> [Task details]
Wherever a picture appears in the data below, omit it, and restate everything else word for word.

> [Information supplied]
────────

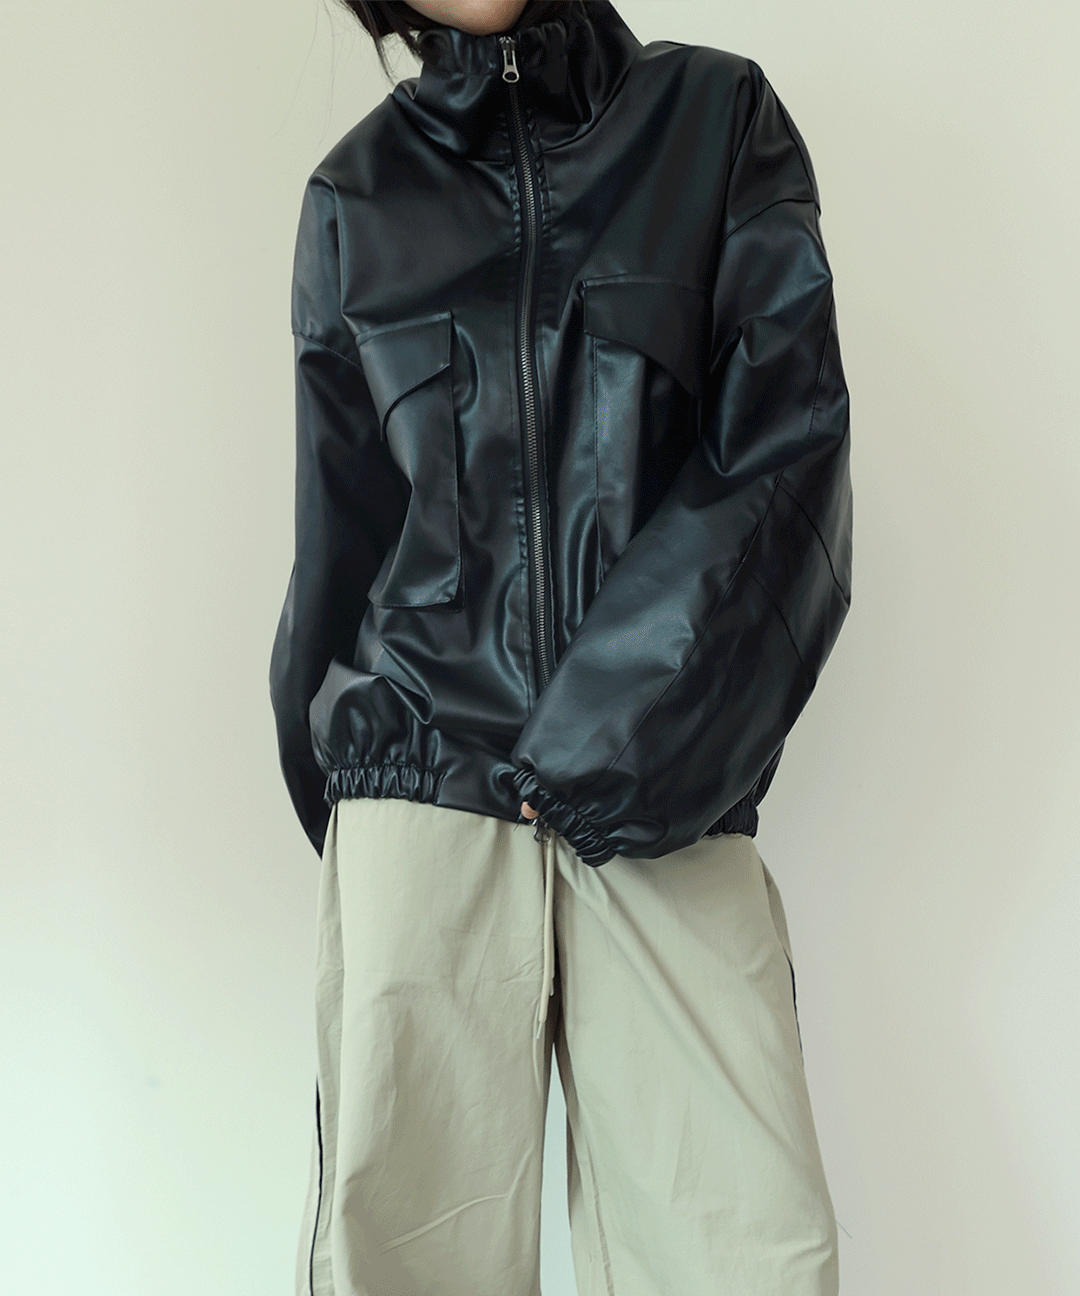 남자 여성 오버핏 레더 스트링 자켓 - 2 colors
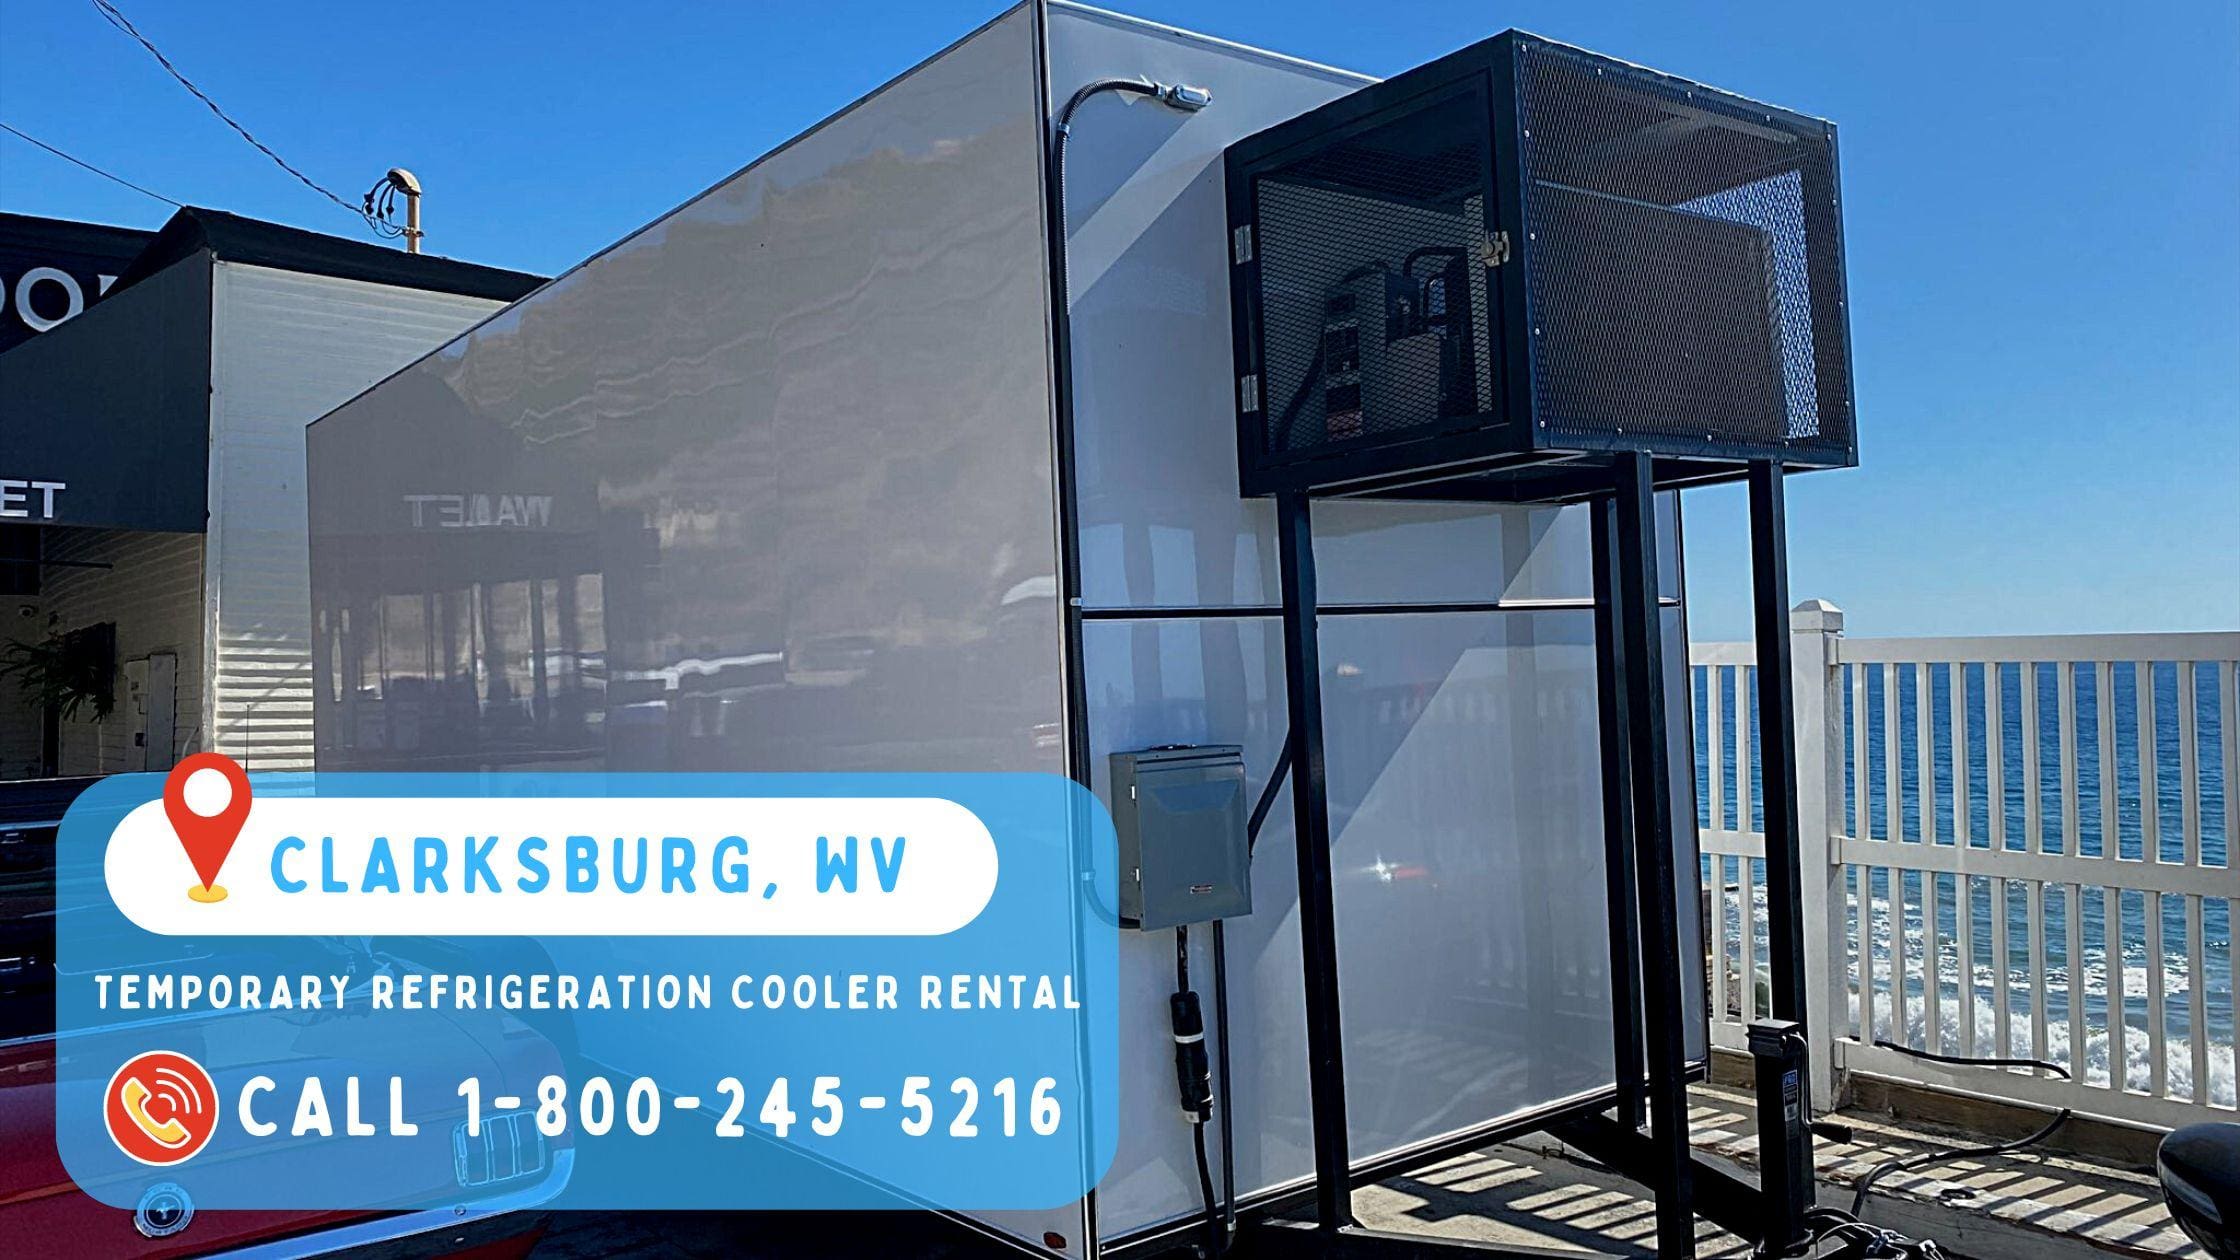 Temporary refrigeration cooler rental in Clarksburg, WV
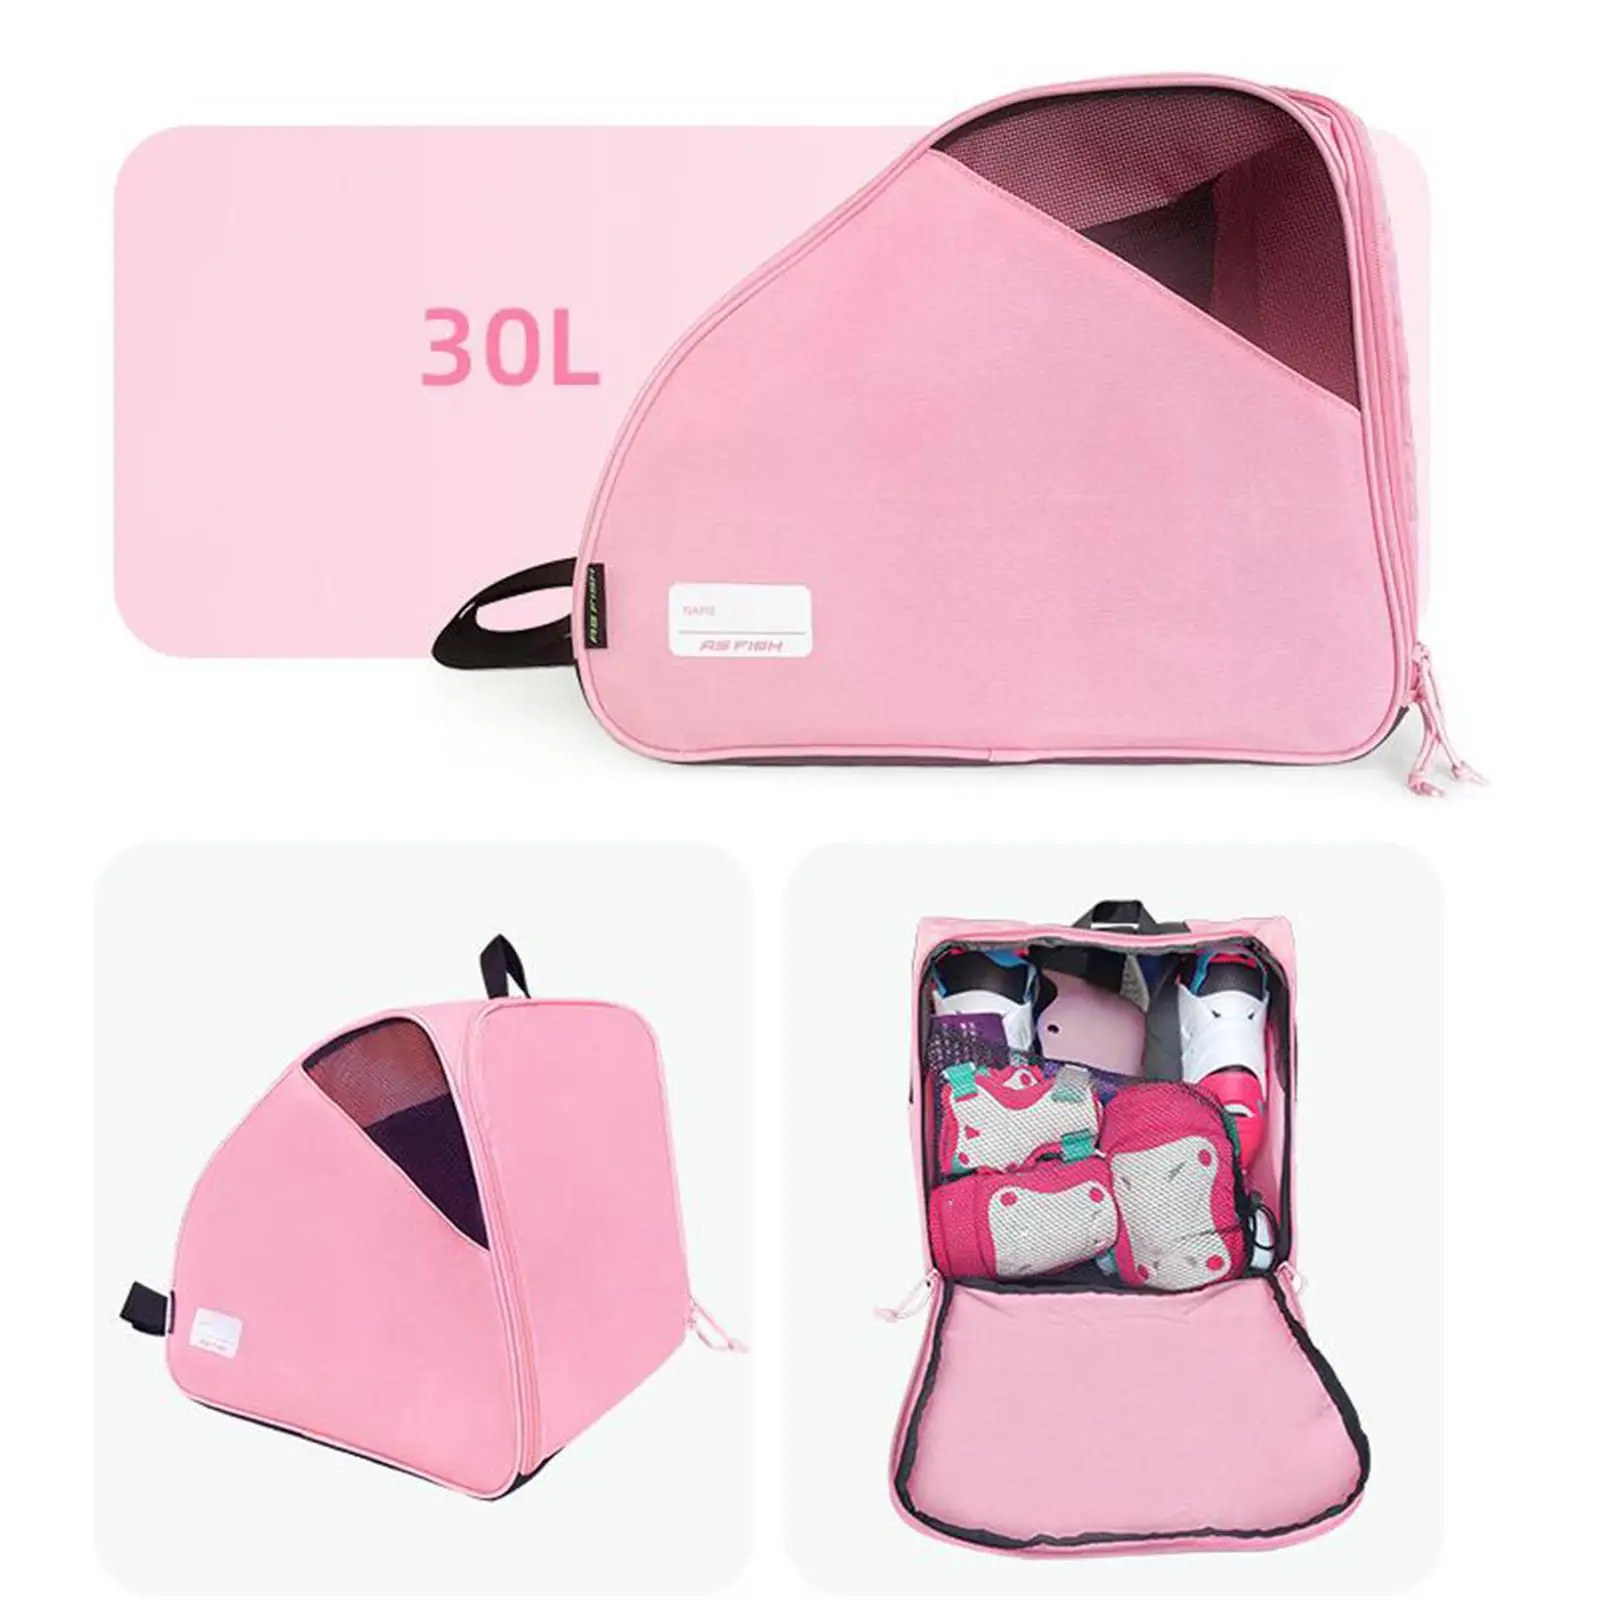 Roller Skate Bag with Carry Handle and Adjustable Shoulder Strap Skating Bag

────────

> [Response to the task]
 남자 여성 오버핏 레더 스트링 자켓 - 2 colors
 Temporary refrigeration cooler rental in Clarksburg, WV
 Roller Skate Bag with Carry Handle and Adjustable Shoulder Strap Skating Bag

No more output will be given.